Rules are things that are legislated by some authority (this might be government, religion, parents, or even imposed by ourselves on ourselves ( where I am the authority behind the rule) – for instance: “I have a rule that I don’t drink alcohol before 5:00pm”). In some cases, rules don’t have to have any moral purpose behind them, they are simply put in place for the sake of efficiency or convenience. In other cases rules are seen as a way of formally encoding and enforcing norms (the rule ‘don’t steal’ and law that punishes people who do, is because we have a moral norm by which we think taking what is not ours is wrong).In this way, rules guide us to be a virtuous society. Rules can also create norms or values (For some Jews, halakhah is seen to create values in this way. for instance, the laws of Shabbat create the value of sacred time, rather than encoding a pre-existing value). The creation of civic values through rules can also serve political ends. for instance, in the Soviet era, it was the law to inform on your neighbor if you saw them acting in ways that weren’t consistent with communism, and it was a rule that served the authorities, but it also then became a value people internalized – a way of expressing the importance of the State over the importance of individuals. People came to regard informing on others as a moral duty.
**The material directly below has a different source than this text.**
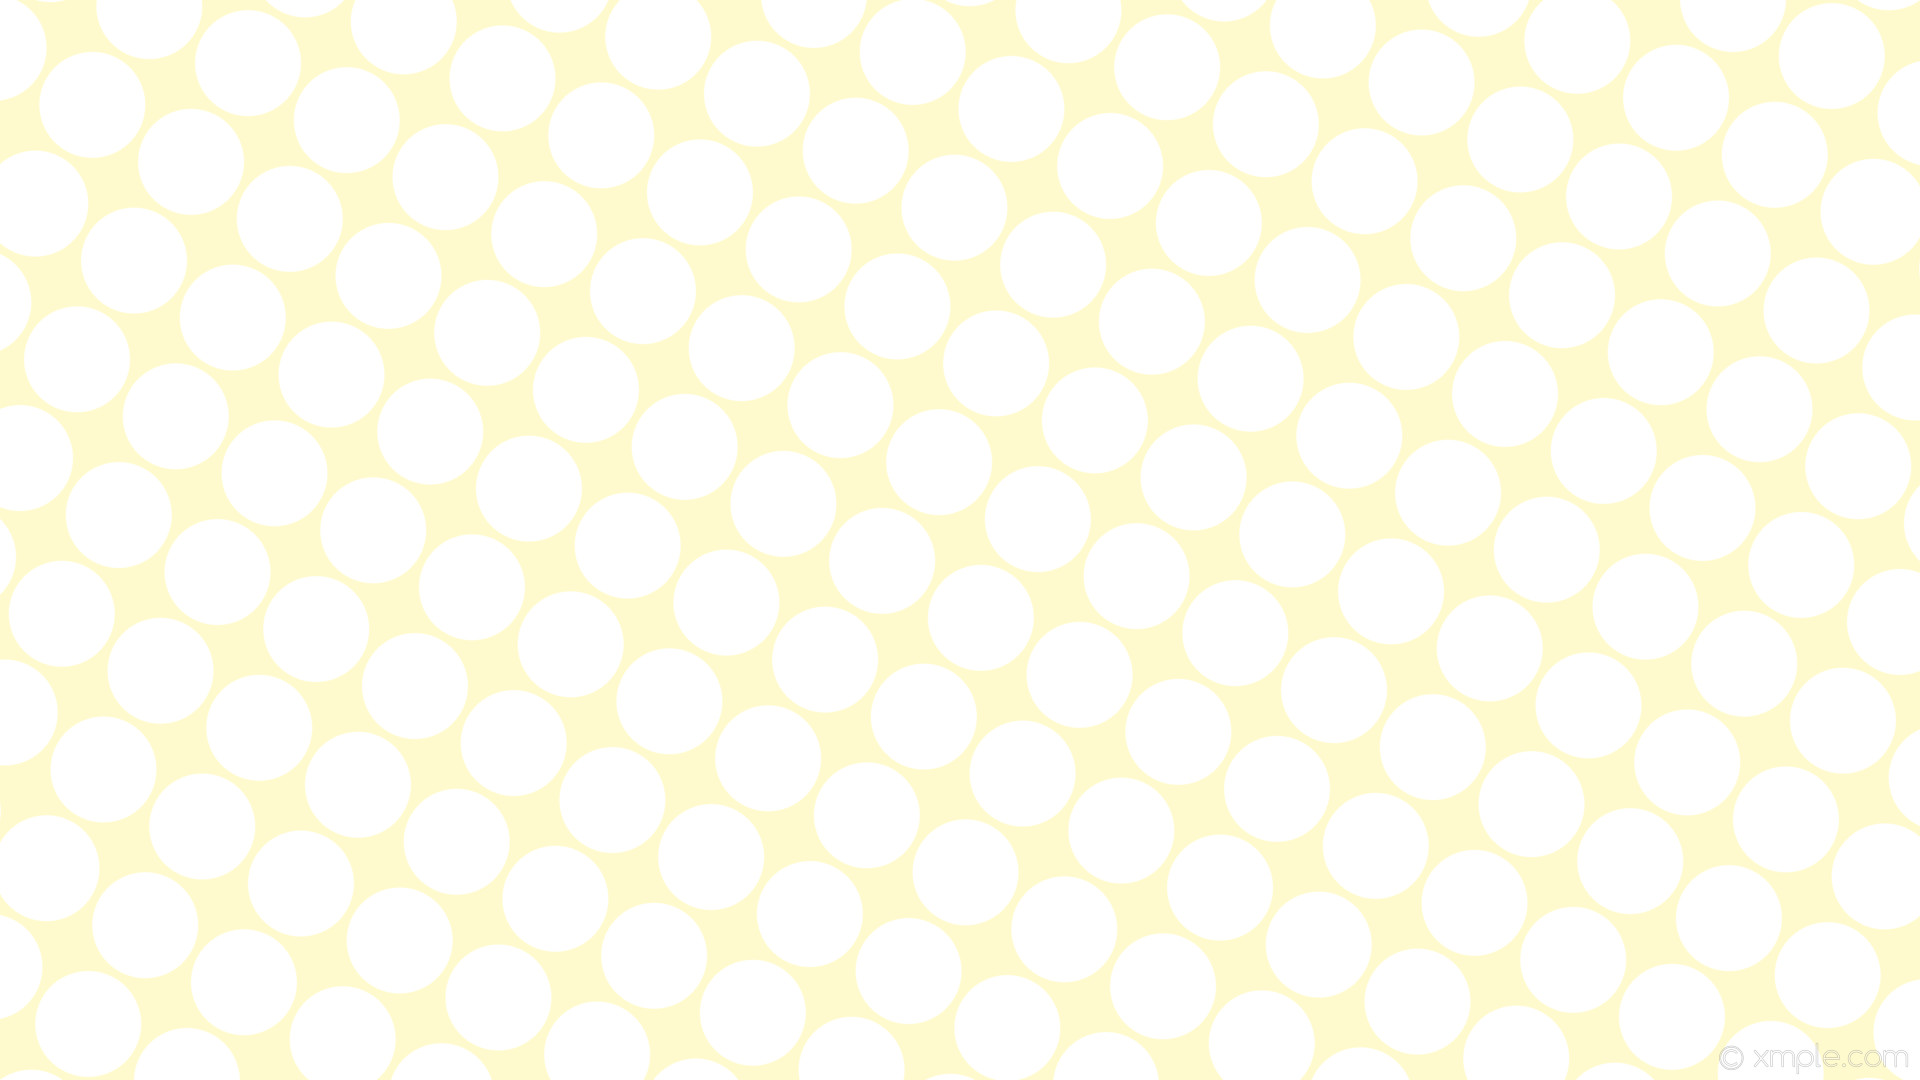 1920x1080 wallpaper dots spots white yellow polka lemon chiffon #fffacd #ffffff 150Â°  106px 114px

Habits  are repeated actions – not all habits relate to norms or laws – for instance, I might have the habit of getting out of bed on the left side – it is just something that I have done often enough that it seems natural to continue doing it that way.

Rituals are one way of translating or encoding norms in actions. Because they communicate underlying meanings and values rituals carry symbolic meaning. Rituals can become habits – something we do without a second thought, in which case sometimes the significance of the action can get lost. They become merely a habit.